The pipeline module orchestrates the full AFML research workflow in a single function call. It chains: CUSUM event detection → triple-barrier labeling → bet sizing → portfolio allocation → risk metrics → backtest statistics. Each stage passes its output to the next, and built-in leakage checks verify that inputs are aligned, events are chronologically ordered, and no forward-looking bias is present.

This is designed for rapid research iteration — change a parameter, re-run the pipeline, and compare the summary table. The _frames variant enriches output with Polars DataFrames for each stage, making notebook exploration ergonomic.

Use this when you want to run a complete AFML workflow without manually chaining individual modules. It’s the fastest path from “I have prices and a model” to “I have a backtested strategy with risk metrics.”

Prerequisites: Timestamps, close prices, model probability forecasts, and multi-asset price matrix.

Alternatives: Call individual modules (filters, labeling, bet_sizing, etc.) for more control over each stage.

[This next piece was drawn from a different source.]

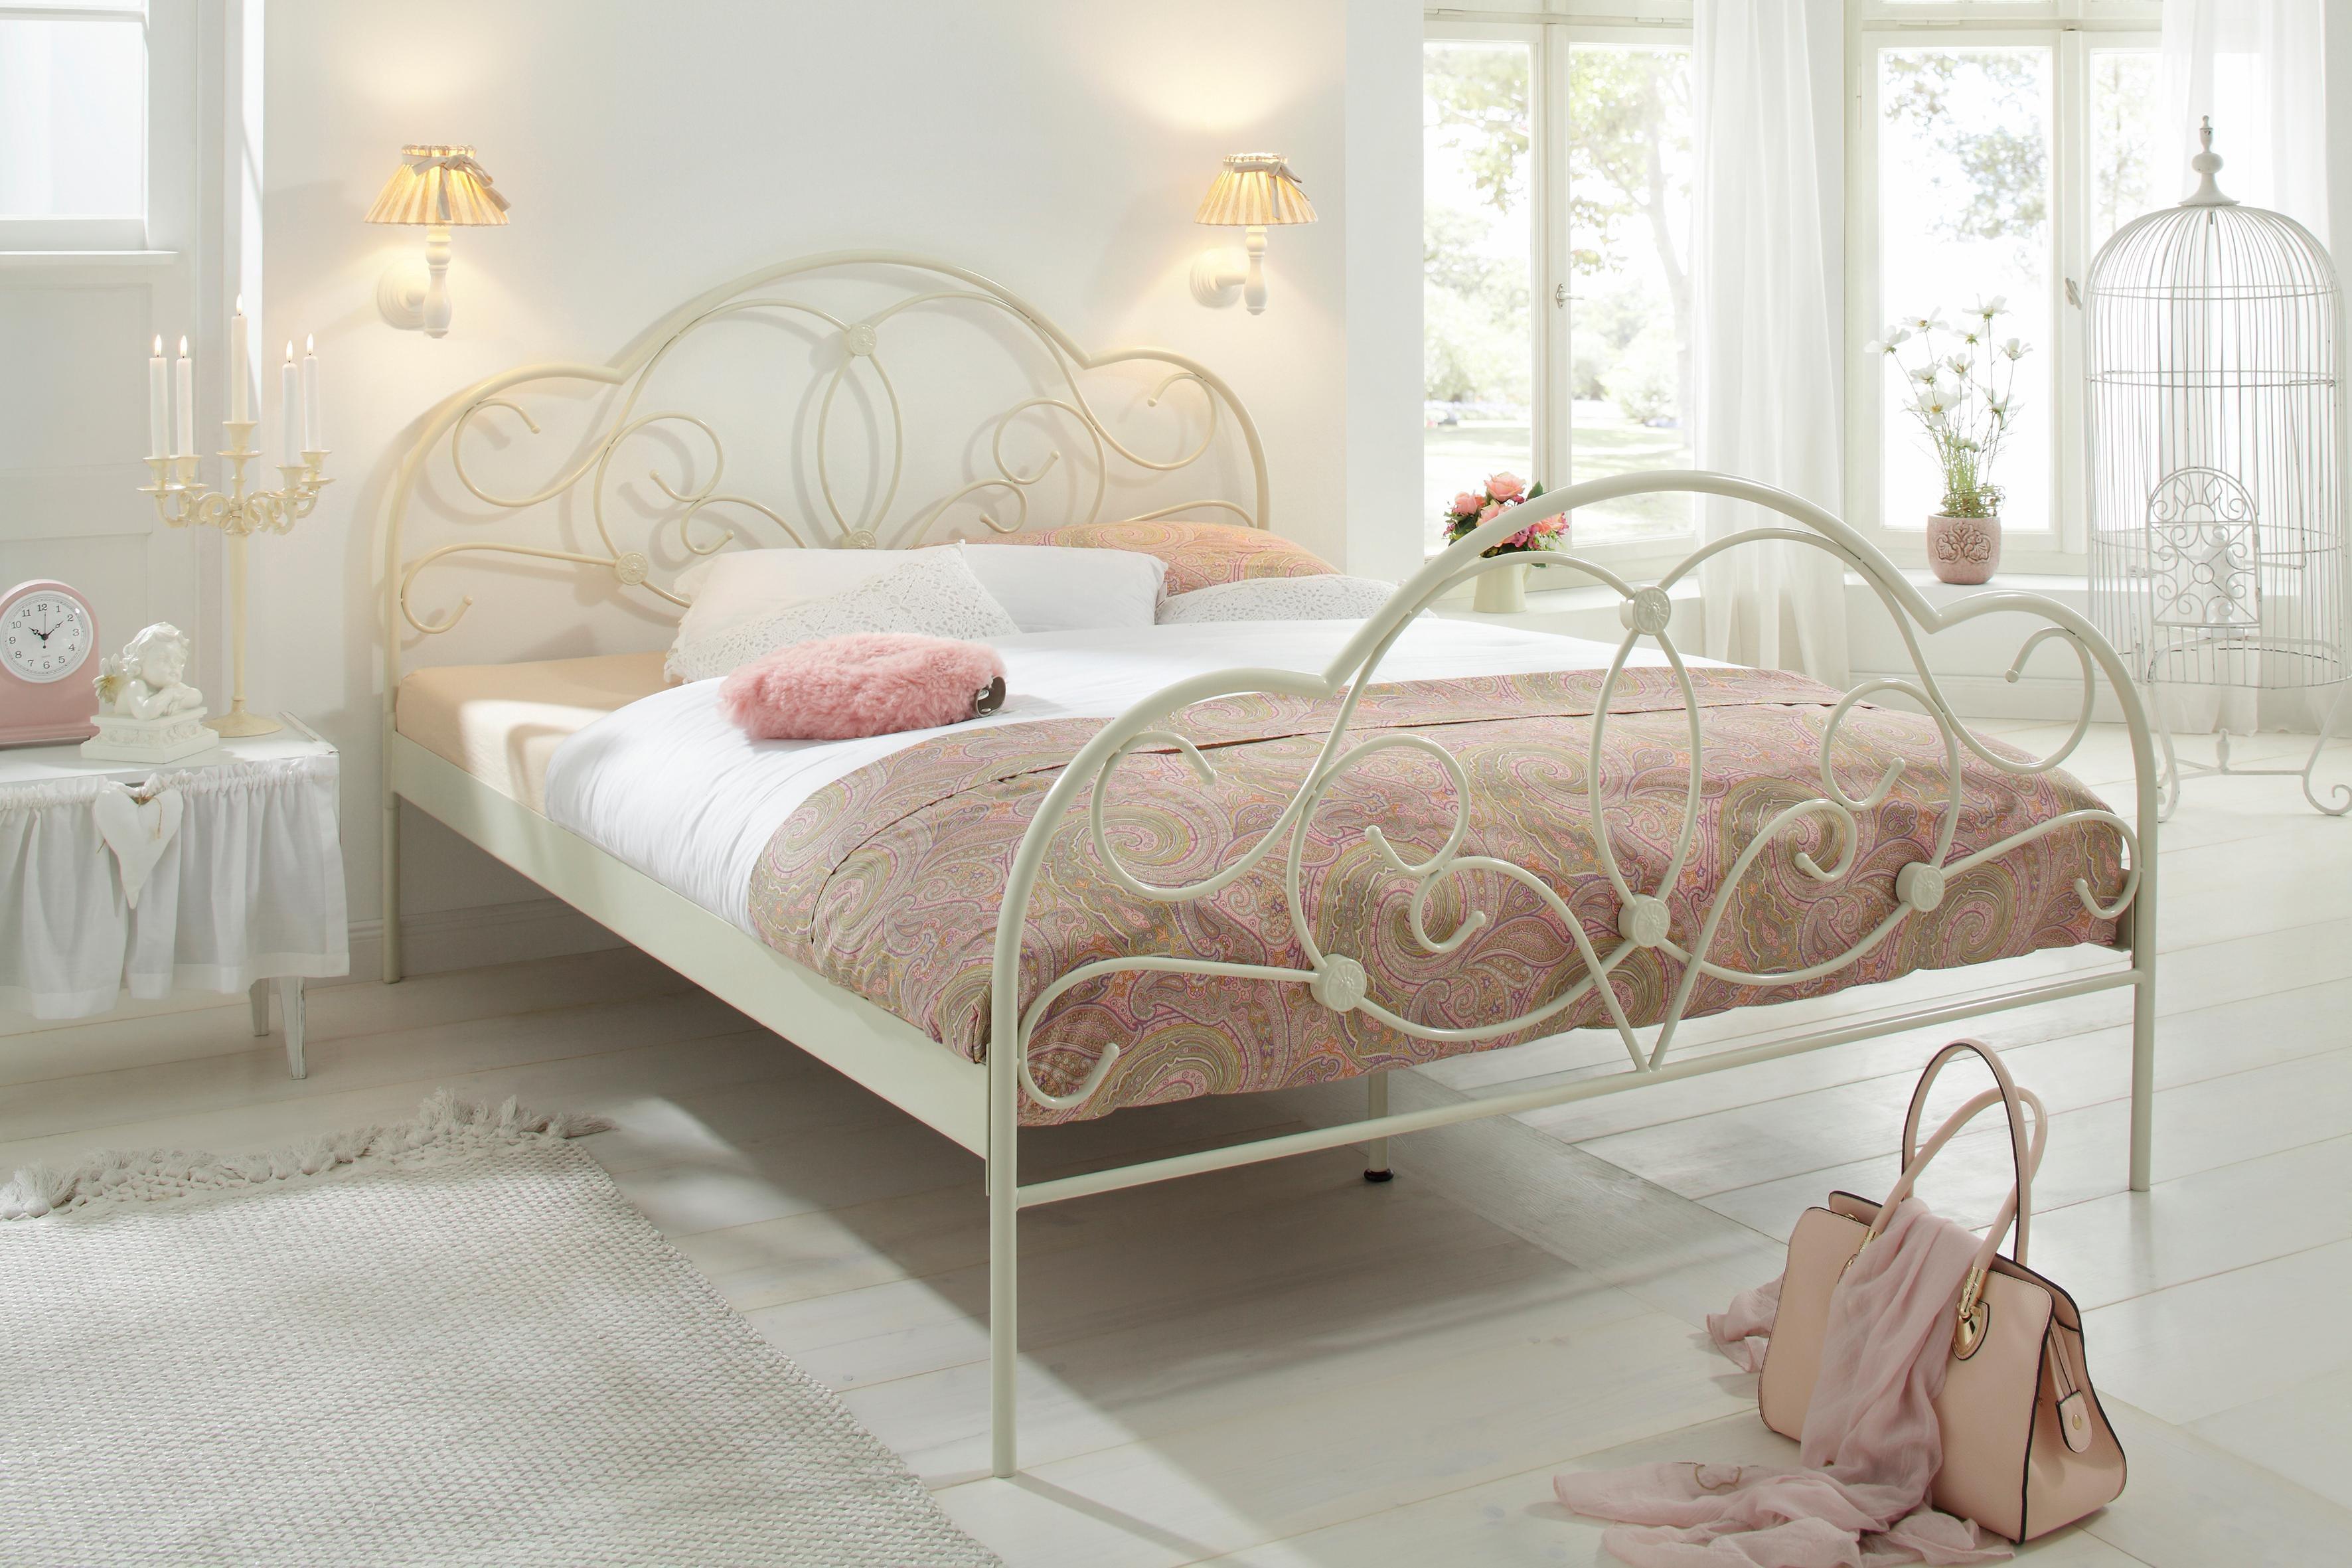 Home affaire Metallbett | Schlafzimmer > Betten > Metallbetten | Home affaire

ParameterTypeDescriptionDefault
cusum_thresholdfloatCUSUM event filter threshold0.001
num_classesintNumber of label classes for bet sizing2
step_sizefloatBet size discretization step0.1
risk_free_ratefloatRisk-free rate for Sharpe calculations0.0
confidence_levelfloatConfidence level for VaR/ES0.05
from openquant.pipeline import run_mid_frequency_pipeline_frames, summarize_pipeline
out = run_mid_frequency_pipeline_frames(
timestamps=timestamps,
close=close,
model_probabilities=probabilities,
asset_prices=asset_prices,
model_sides=sides,
asset_names=["CL", "NG", "RB", "GC"],
cusum_threshold=0.001,
)
# Polars DataFrames for each stage
signals_df = out["frames"]["signals"]
backtest_df = out["frames"]["backtest"]
weights_df = out["frames"]["weights"]
# One-row summary with key metrics
summary = summarize_pipeline(out)
print(summary)
# portfolio_sharpe | realized_sharpe | value_at_risk | has_forward_look_bias
  • Not checking leakage_checks in the output — the pipeline flags forward-look bias but doesn’t stop execution.
  • Using the raw dict output when DataFrames are more convenient — prefer run_mid_frequency_pipeline_frames.
  • pipeline.run_mid_frequency_pipeline
  • pipeline.run_mid_frequency_pipeline_frames
  • pipeline.summarize_pipeline
  • run_mid_frequency_pipeline
  • run_mid_frequency_pipeline_frames
  • summarize_pipeline
  • The pipeline enforces input alignment and event ordering as leakage guards.
  • run_mid_frequency_pipeline_frames adds Polars DataFrames to the raw dict output.
  • summarize_pipeline extracts key metrics into a single-row DataFrame for notebook display.